• **WORK TO BE COMPLETED**:
Every line of the material below should be output exactly as written, with the images skipped.

• **DATASET EXCERPT**:
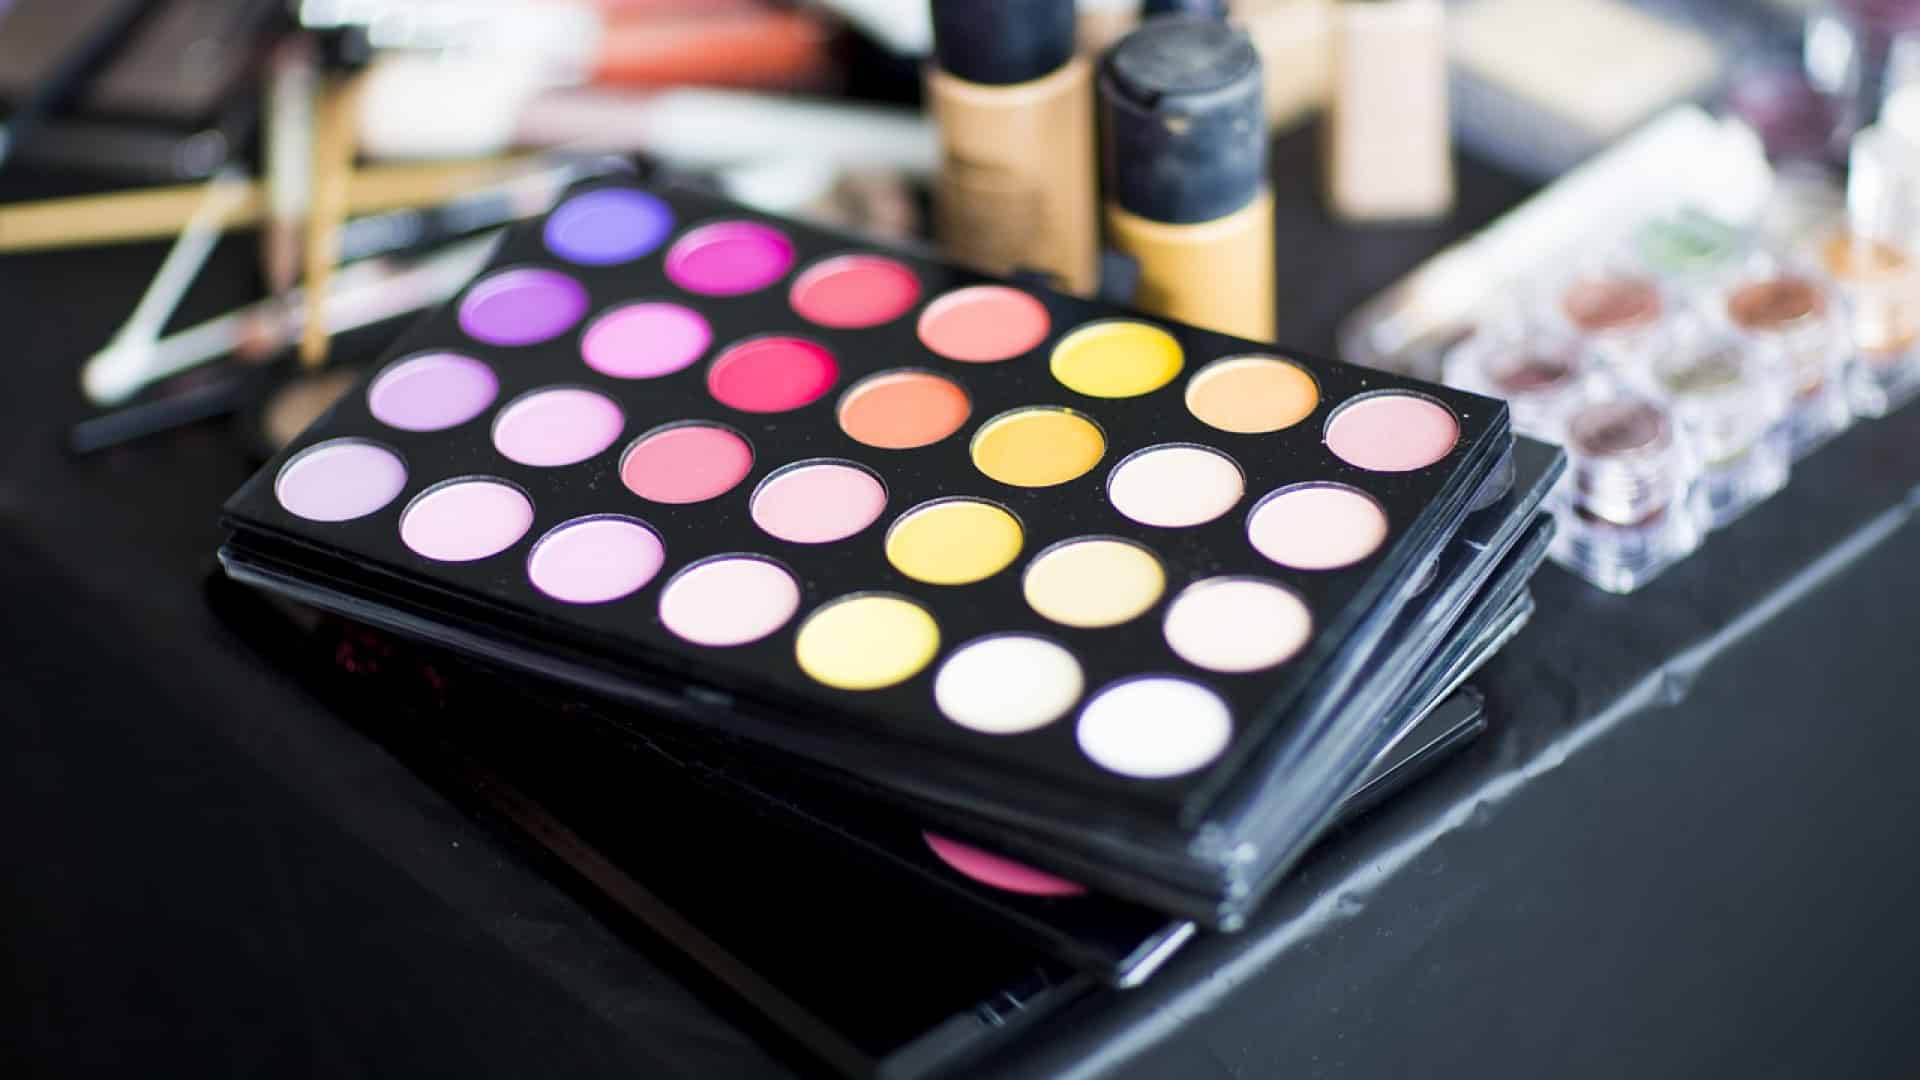 Une variété de produits de maquillage avec une palette de fards à paupières colorés au premier plan, présentant un atout majeur pour une analyse cosmétique par des
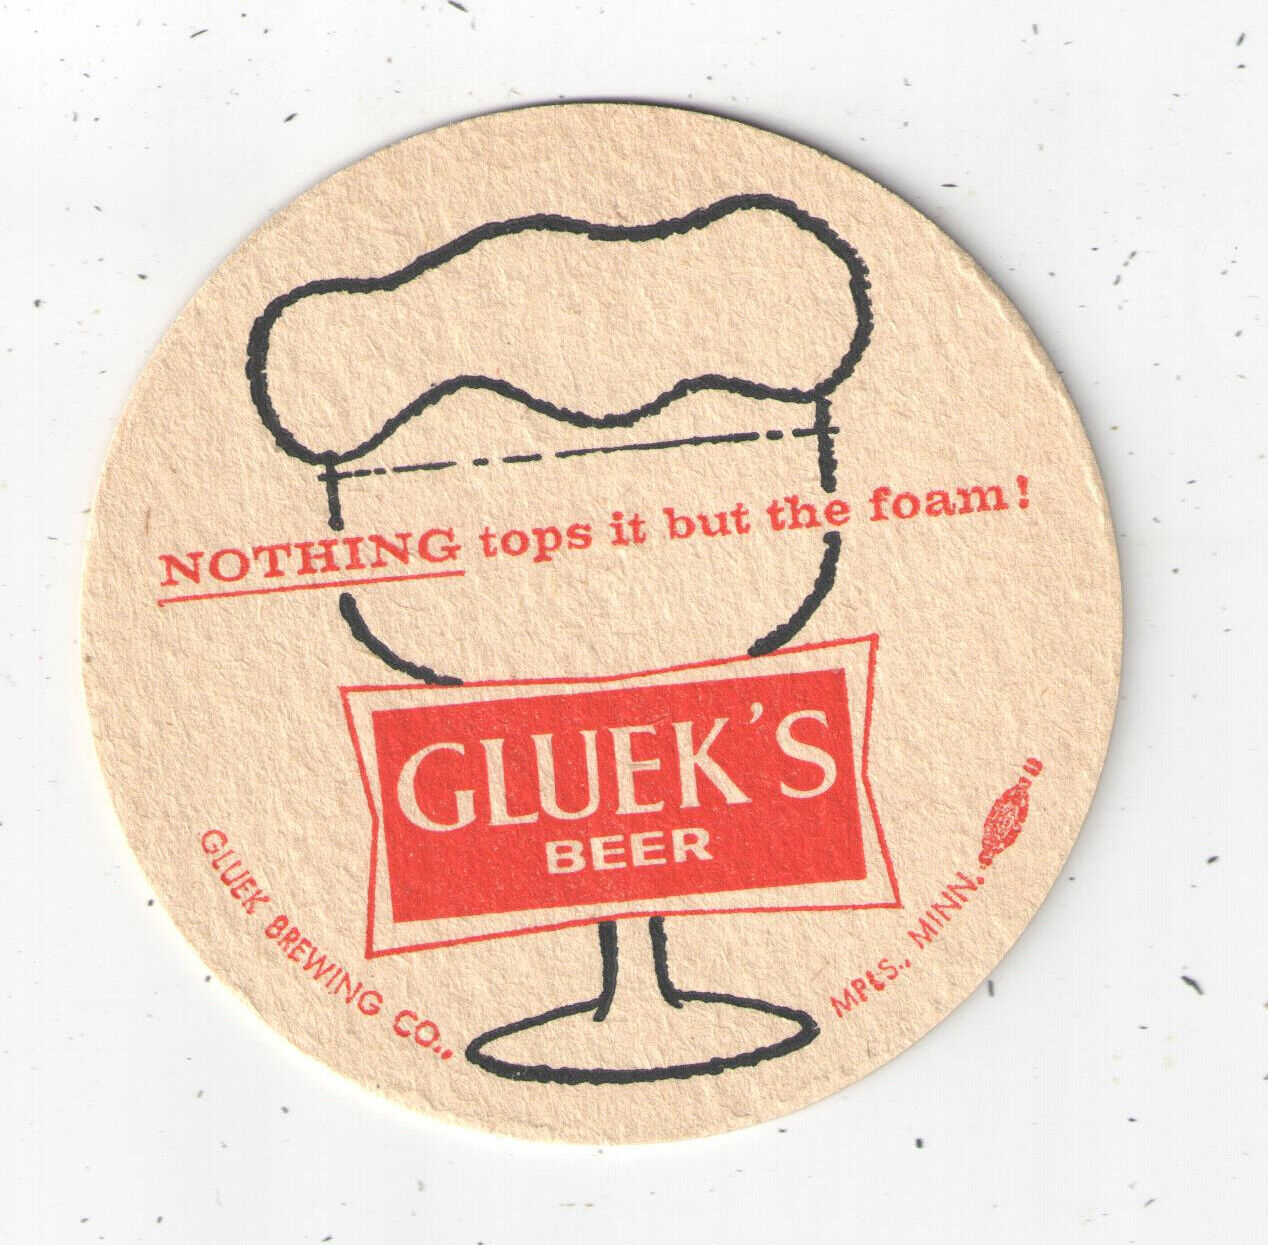 1960s GLUEK'S BEER { NOTHING TOPS IT BUT THE FOAM } UNUSED COASTER 3 1/2
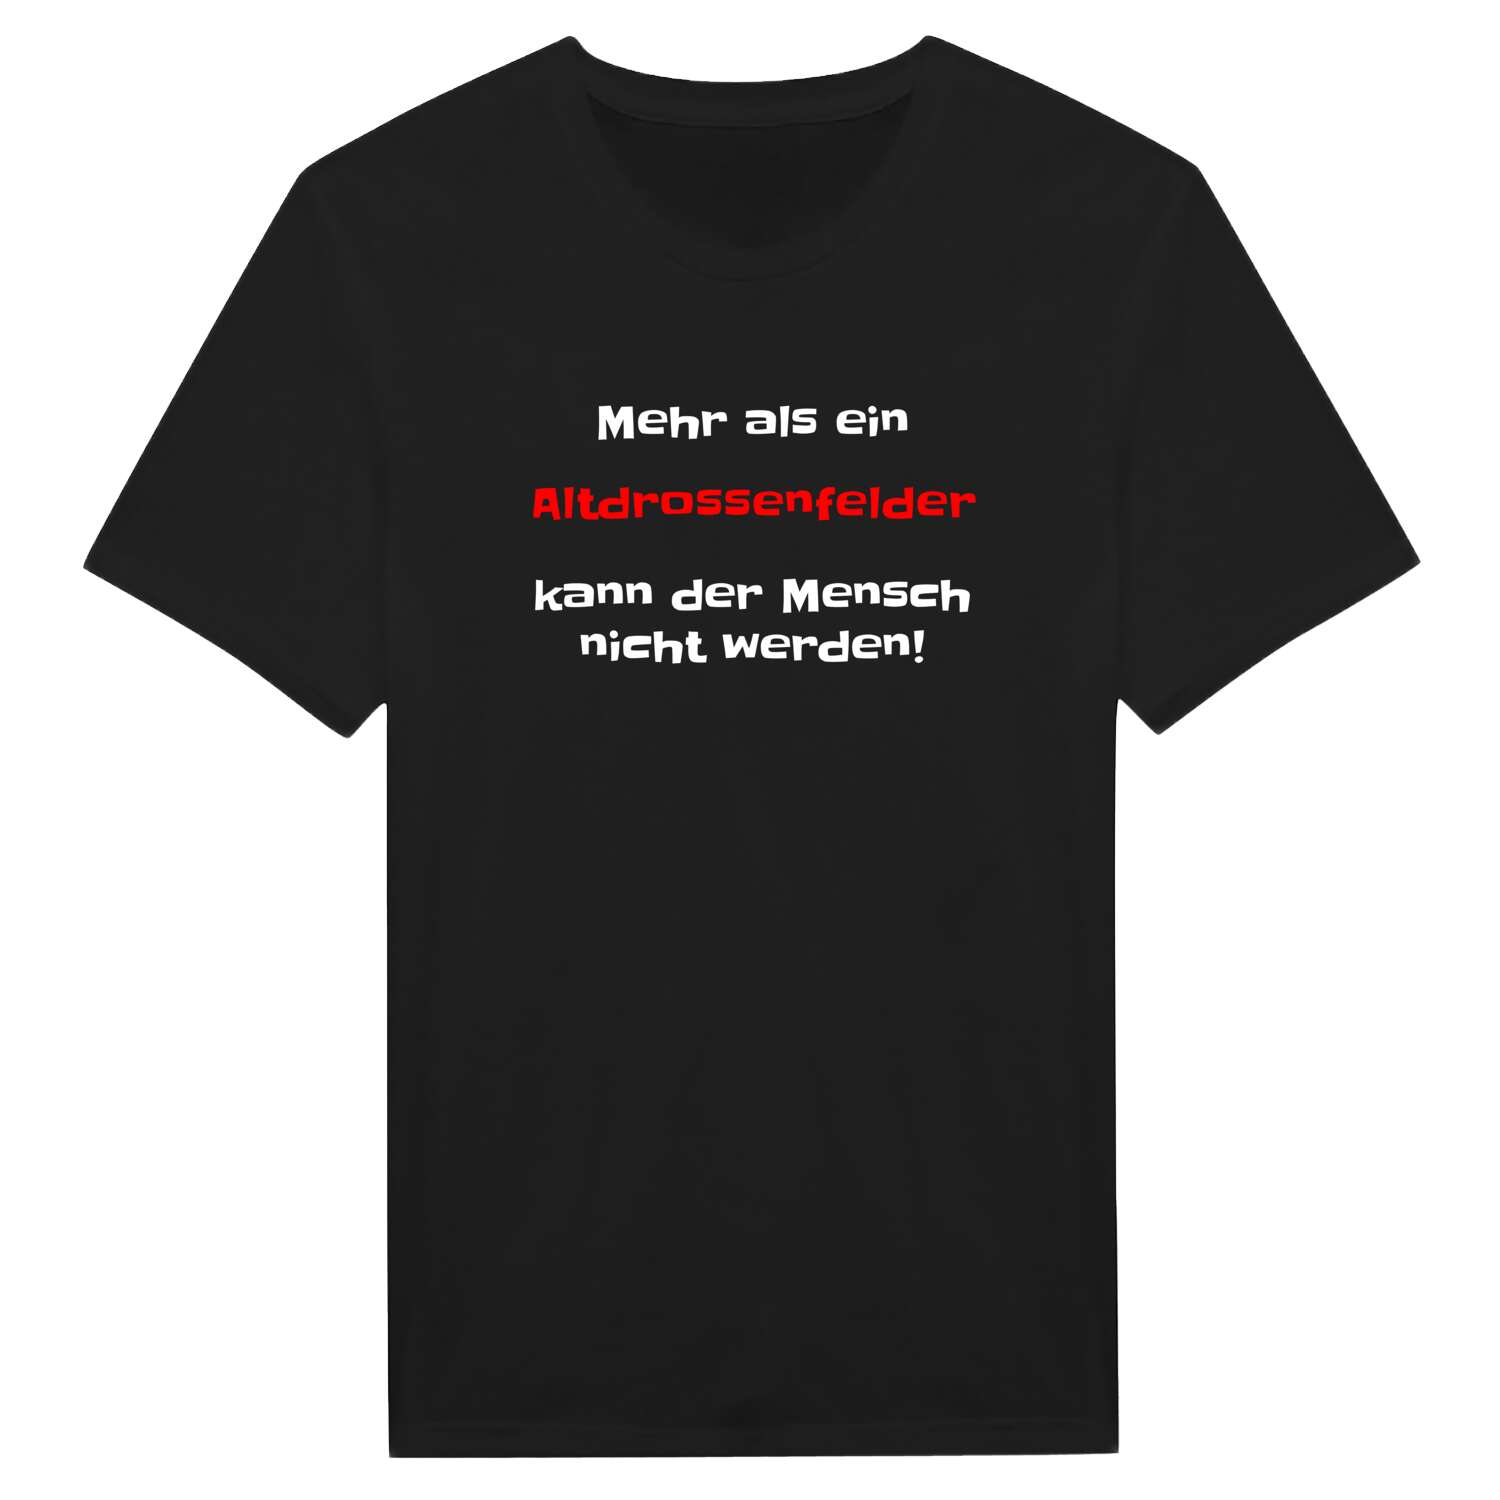 Altdrossenfeld T-Shirt »Mehr als ein«

• **ANSWER TO THE EXERCISE**:
 Une variété de produits de maquillage avec une palette de fards à paupières colorés au premier plan, présentant un atout majeur pour une analyse cosmétique par des
 1960s GLUEK'S BEER { NOTHING TOPS IT BUT THE FOAM } UNUSED COASTER 3 1/2
 Altdrossenfeld T-Shirt »Mehr als ein«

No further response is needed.